No começo do segundo tempo da partida disputada em Shizuoka, em solo japonês, a seleção comandada por Luiz Felipe Scolari teve falta assinalada a seu favor na faixa direita do campo da intermediária ofensiva. Ronaldinho, então camisa 11 e com apenas 22 anos, posicionou-se para efetuar a cobrança enquanto o placar apontava 1 a 1 – Michael Owen tinha aberto o placar para os ingleses e Rivaldo igualou o marcador, ainda na etapa inicial.

Assim que o então coadjuvante de Ronaldo fez a cobrança, Seaman, na época campeão inglês pelo Arsenal, deu um passo a frente para possivelmente cortar o que poderia ser um cruzamento. Tarde demais. O goleiro acabou encoberto no lance, e a bola morreu na lateral da rede do time de David Beckham, Paulo Scholes e cia.

“Já assisti ao lance diversas vezes”, conta ao UOL Esporte. “E toda vez que vejo, torço para que a bola saia por cima do travessão, mas ela acaba dentro do gol (risos)”, brinca o ex-jogador de 54 anos. “Essa é a vida de goleiro: erros, acertos e troféus, mas pelo papel decisivo dessa posição, acabamos lembrados mais pelas falhas”, pondera o multicampeão pelo Arsenal.

No clube de Londres, um brasileiro que foi contratado depois do título na Ásia confidenciou a Seaman a verdadeira intenção do Gaúcho ao alçar a bola na área.

“Gilberto (Silva), um grande amigo meu, admitiu que ele (Ronaldinho) não quis colocar a bola aonde ela foi”, acrescenta.

Atencioso e educado, o ex-goleiro conversa sobre o assunto com naturalidade e relembra até quando a jogada foi motivo de piada com o algoz de 15 anos atrás.

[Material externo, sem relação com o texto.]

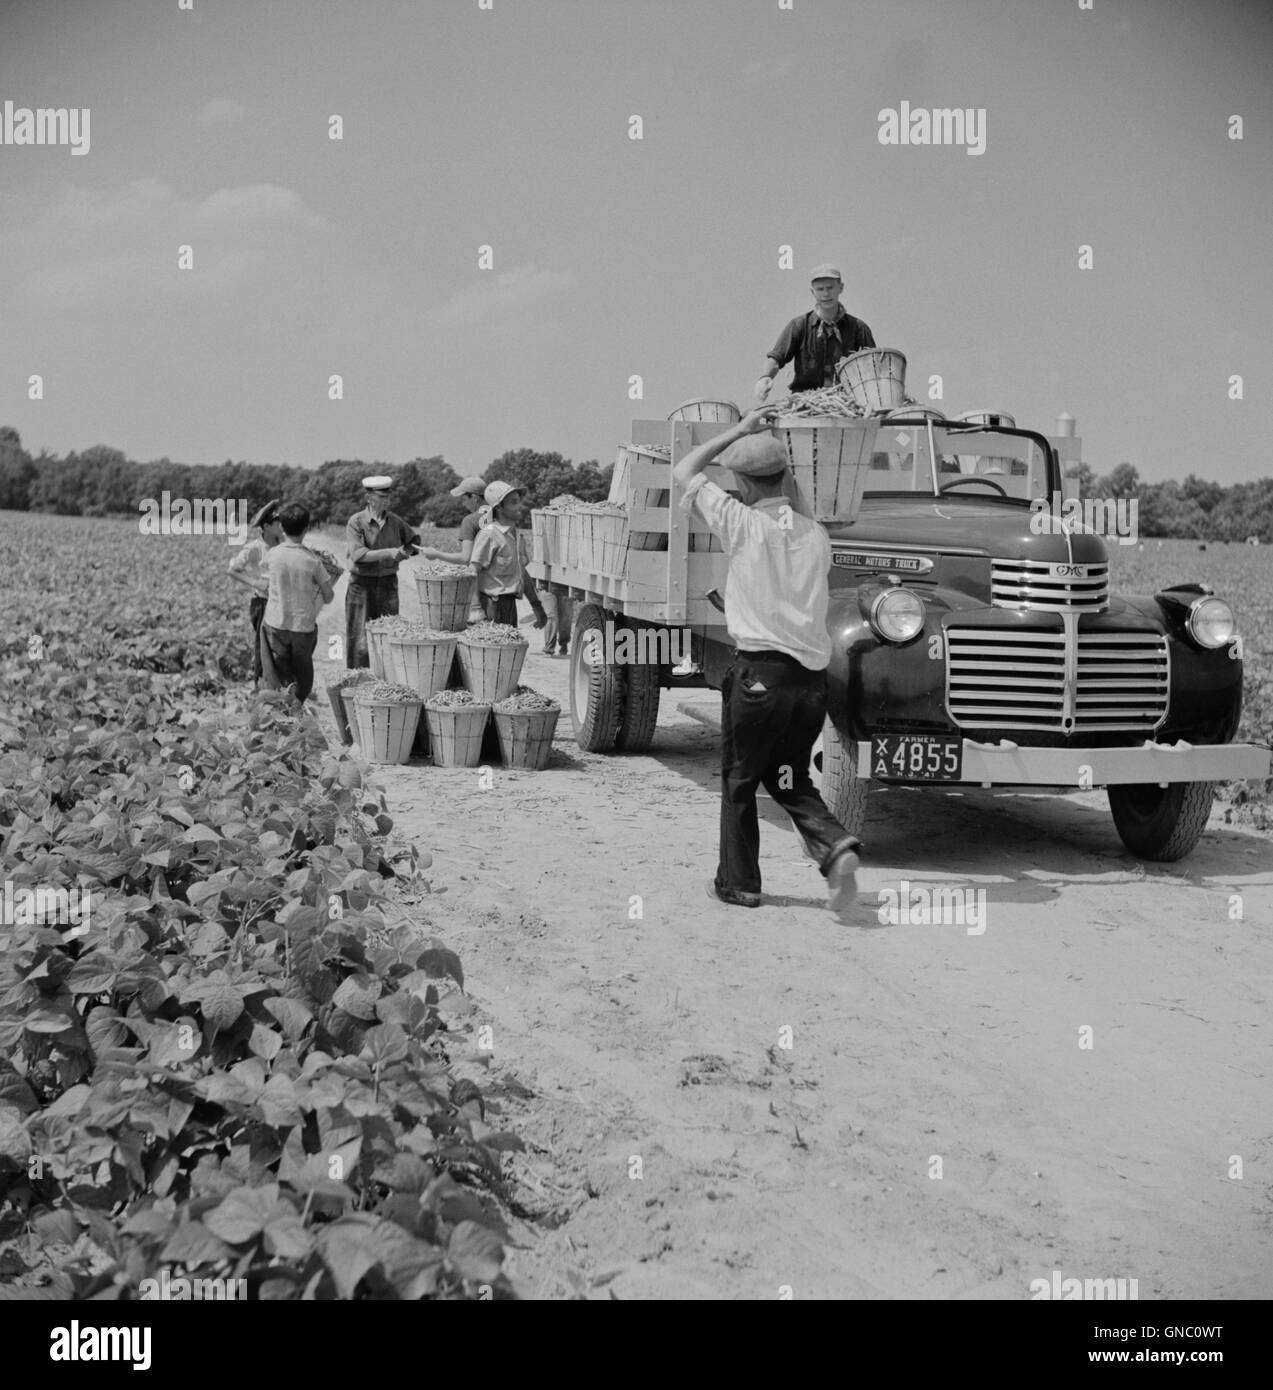 LKW, der mit Bushels voller Bohnen beladen wird, die von Tagesarbeitern aus Nachbarstädten, Seabrook Farms, Bridgeton, New Jersey, USA, gepflückt wurden. Marion Post Wolcott, USA Farm Security Administration, Juli 1941 Stockfoto

“Já encontrei Ronaldinho depois disso, até jogamos uma partida beneficente juntos e rimos sobre isso. Nesse jogo festivo, ele teve uma falta parecida e brinquei com ele, para tentar de novo (risos)”.

Logo depois de virar a partida sobre a Inglaterra, Ronaldinho foi expulso e, assim, desfalcou o Brasil na semifinal contra a Turquia – Ronaldo garantiu a vantagem mínima e a vaga na grande decisão diante da Alemanha, que viu o Fenômeno brilhar com dois gols e a seleção erguer a taça em Yokohama. A Copa dos sonhos da Família Scolari, e o pesadelo de Seaman.